Forrest's presentation, Data Mining for Climate Change Model Intercomparison, is available here: http://www.climatemodeling.org/~forrest/presentations/Hoffman_DataONE-EVA_20130122/

EVA:  Ideas for collaboration (Claudio)
1.  machine learning and visualization interactions
     Forrest Hoffman and Bill Hargrove
     Jorge, Harish, Claudio, Vineet, Arthur
     
     build on President's big data initiative
    
    
2.  Evaluation/Review of visualization techniques for climate community experts
     Aritra leads, with volunteers
         Anna, Debbie, Steve, Yaxing, Dan Ricciuto, Forrest, Claudio
         
         need to bring in Rosie and Dave Lawrence Via Steve Aulenbachj
         
     usability assessment for various visualization techniques, pros & cons for them
        pull together wide range of figures / maps / etc and get expert community input on utility
        
    contribution to show how visualization maps / figures have improved through interaction and collaboration with vis group
    
    need to have collaborations between modelers and visualization experts throughout the activity, for different types of audience/purposes (3 different types needs mentioned in Anna's notes)
    
        history of how climate data have been presented
            based on IPCC reports 
    
    IPCC Working Group II (Impacts, Adaptation, and Vulnerability) technical support unit (TSU) :  Located at Carnegie and Anna can coodinate with them if there is interest in learning from their experience.
    Anna: How broad is the evaluation/review scope defined? Scientifc audience only? We may need the contribution from social science people by doing surveys.
    
    
3. (Maybe) another paper focusing on the visualization needs of policy makers.
    need to engage resource managers / social scientists to identify types of analysis and visualizations

    Anna, Arthur, Debbie, Bill, Steve Aulenbach, Jeff Morisette (??), 

    may be of use for farmers and commerical fisheries (those who use natural resources)
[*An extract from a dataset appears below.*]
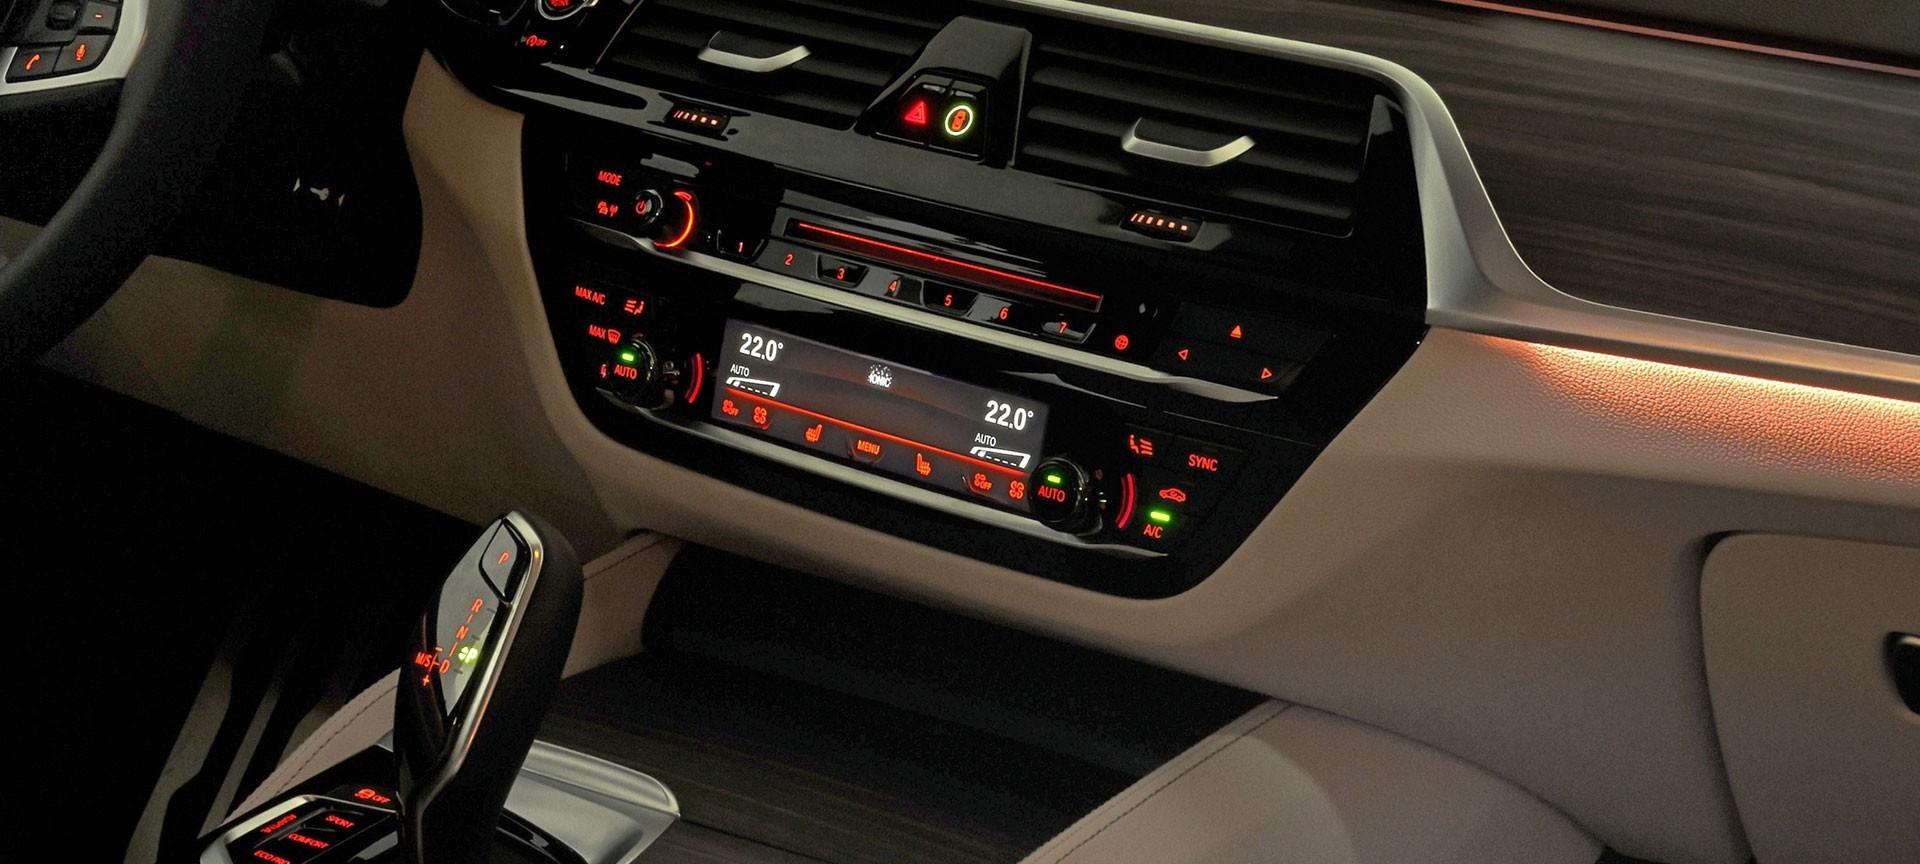 Ce ignoră, de obicei, posesorii de BMW când vine vorba despre aerul condiţionat servicing-repairs-airconditioning-header-mobile-1920x864.jpeg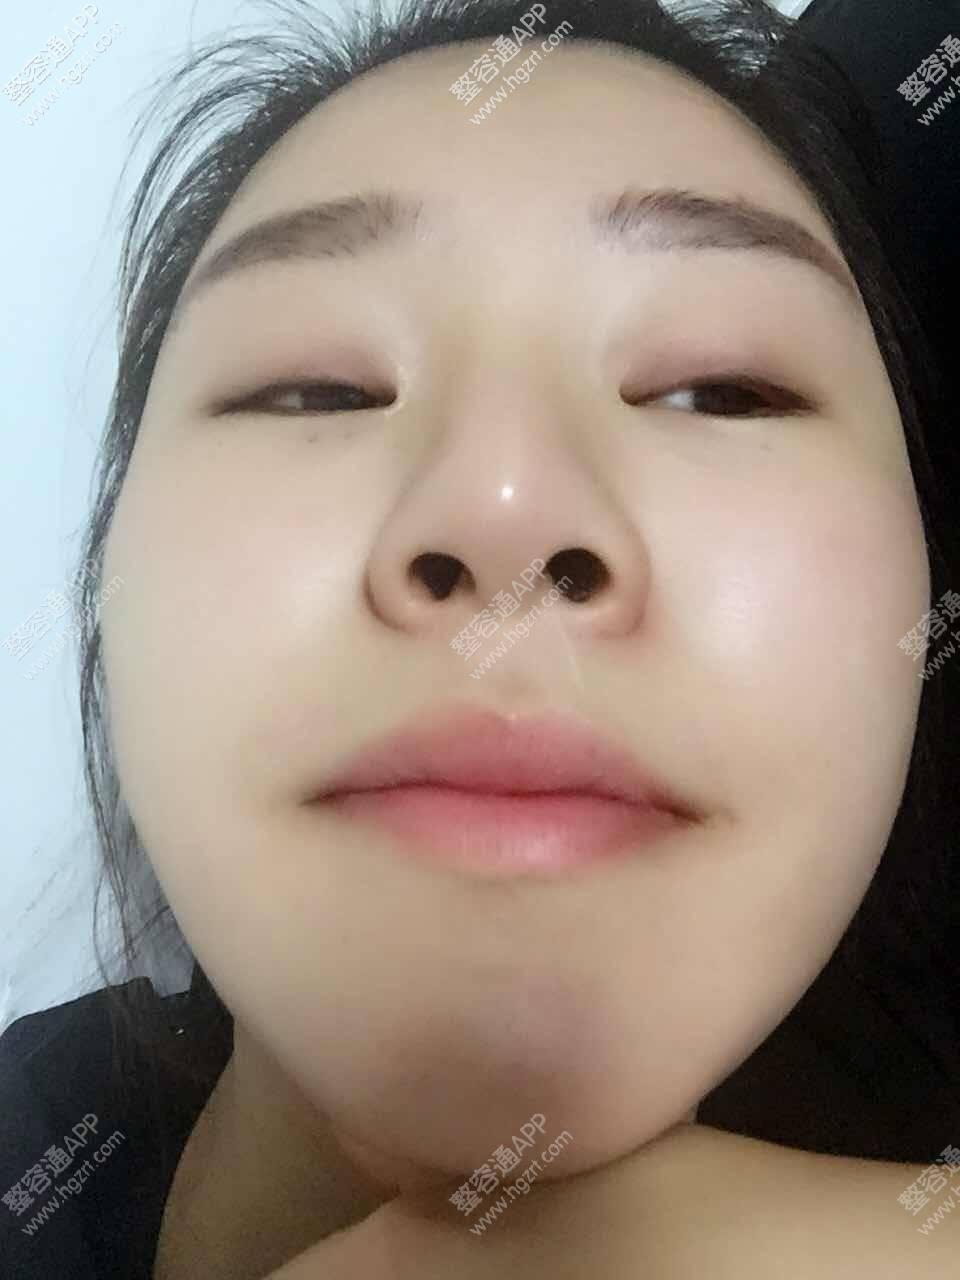 之前的鼻子 大鼻孔

    involve Molly Brown, Molly McCoy
    Jeff Morrisete:  USGS 
    National Climate Assessment  GCIS
    NOAA Socio-Economic Climate Group (Boulder) 
    
    
4. A working group/focus group/proposal on the visualization needs for multiple-dimensional  Scaling
    metric and non-metric

place a group of (1) models or  (2) models and observations in the same phase space for intercomparison

    potential method for looking at ILAMB processes
    
    Vineet, Debbie, Bill Hargrove, Anna?, Jorge, Claudio

Anna: I am potentially interested in topics 2, 3, and 4, but in the interest of not spreading myself too thin, feel free to down-select me to one or two topics depending on the needs / interests of others in the room.    
    
5. (Day 2) Expand on the DataONE Provenance-Workflow (VisTrails) demo (Yaxing et al) to show DataONE tool & infrastructure integration

lead by Prov / Workflow Working Group, tie in to the EVA WG
Bertram and Yaxing and Colin
link to Brokering approach (Stefano Nativi, Italian National Research Counsil)
prehaps prepare for demo-ing at the NSF reverse site visit on February 

Build a common infrastructure  with Vistrails/UV-CDAT as the fundamental engine that can integrate difference components together: DataONE, broker, scientific workflow, provenance

Summer internships:
    use for EVA activities (above)


Key Future Issues that need to be addressed
1.  Common problem with large data sets:
    move the data to where the model is (and vice versa)
    a concept that needs to be included as we work through the above five identified issues

2.  Model compositing:  averaging across models
    figure out how to composite models that are similar, especially for resource managers / policy makers / decision makers
    too many projects are averaging models
    
    need to come up with some best practices (because there are some that aren't good at all)
    is there a weighting method, that could weight bad less than good
    tools / methods that are a better approach for looking at ensembles
    

*** DAY 2 ***
=========
- Presentation by Colin (?) on use of VisTrails
- Bertram: This might make a nice example for an "executable paper"; suggest to  check with Juliana
- Q (Arthur): I have a bunch of Python-based workflows, how can I get them easily into VisTrails (at least some of them)
 - A: ... 
 
 Benchmarking
 
 ILAMB Talk -- Forrest
 
 exploratory vis to determine scoring profiles / algorithms
 
 also after the fact exploratory viz to change weightings to adjust for where model works well or doesn't work well.
 
Forrest's presentation, The International Land Model Benchmarking Project (ILAMB), is available here: http://www.climatemodeling.org/~forrest/presentations/Hoffman_DataONE-EVA_20130123.pdf
 
 MsTMIP Talk on Benchmarking -- Christopher
 
Yaxing: overview on larger, integrated framework
* Top level:
-- Analysis/Vis Tools
-- Model-Data Comparison
-- Benchmarks (ILAMB, MsTMIP)

* Central piece: 
-- WF library (Analysis Modules, Vis Modules)
-- on top of VisTrails, UV-CDAT
-- on top of model outputs, observations, ... 
-- ... mediated by "brokers" (?)

* Vertical (left)
- ESGF, DataONE (again, via brokers)

* Vertical (right)
- Provenance tools (ProvEx, others)  

* Access Broker (Access & Mediation Gap Analysis & WF, .. )
Nativi's talk at AGU 2013:
http://www.agu.org/focus_group/essi/union.php


* Colin: working with Dave Meier (? which one), connecting THREDDS, VisTrails
Vision aligns well with species distribution modeling interest.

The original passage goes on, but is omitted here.